Heatmap(mat, name = "mat", row_km = 2, row_km_repeats = 100,
column_km = 3, column_km_repeats = 100)
可根據字元向量分割,比較常用,row_split or column_split字元向量或資料框,需要和矩陣的次元一緻。
Heatmap(mat, name = "mat",
row_split = rep(c("A", "B"), 9), column_split = rep(c("C", "D"), 12))
#字元型矩陣
# split by the first column in `discrete_mat`
Heatmap(discrete_mat, name = "mat", col = 1:4, row_split = discrete_mat[, 1])

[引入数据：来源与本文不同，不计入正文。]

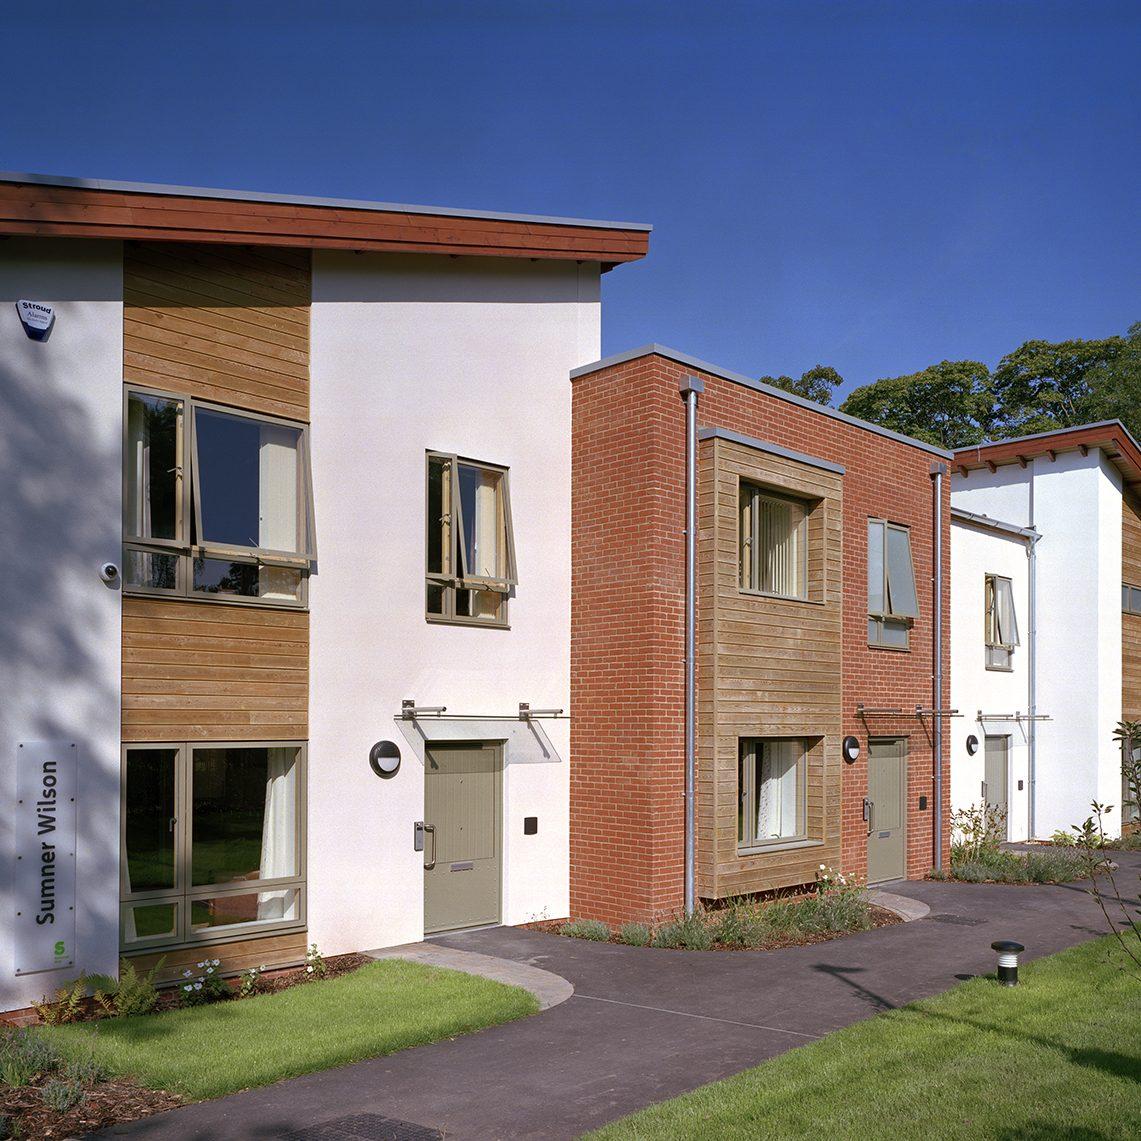 National Star College - specialist accommodation, Cheltenham

slices(subgroups)順序問題,預設是排序的,可以設定cluster_row_slices or cluster_column_slices為False, 這樣順序就按照column_split分割的順序了
Heatmap(mat, name = "mat",
row_split = rep(LETTERS[1:3], 6),
column_split = rep(letters[1:6], 4))
Heatmap(mat, name = "mat", row_split = factor(rep(LETTERS[1:3], 6), levels = LETTERS[3:1]),column_split=factor(rep(letters[1:6], 4), levels = letters[6:1]), cluster_row_slices = FALSE, cluster_column_slices = FALSE)
slices的其他屬性,graphic parameters需要和slices的個數一緻
ht_opt$TITLE_PADDING = unit(c(4, 4), "points")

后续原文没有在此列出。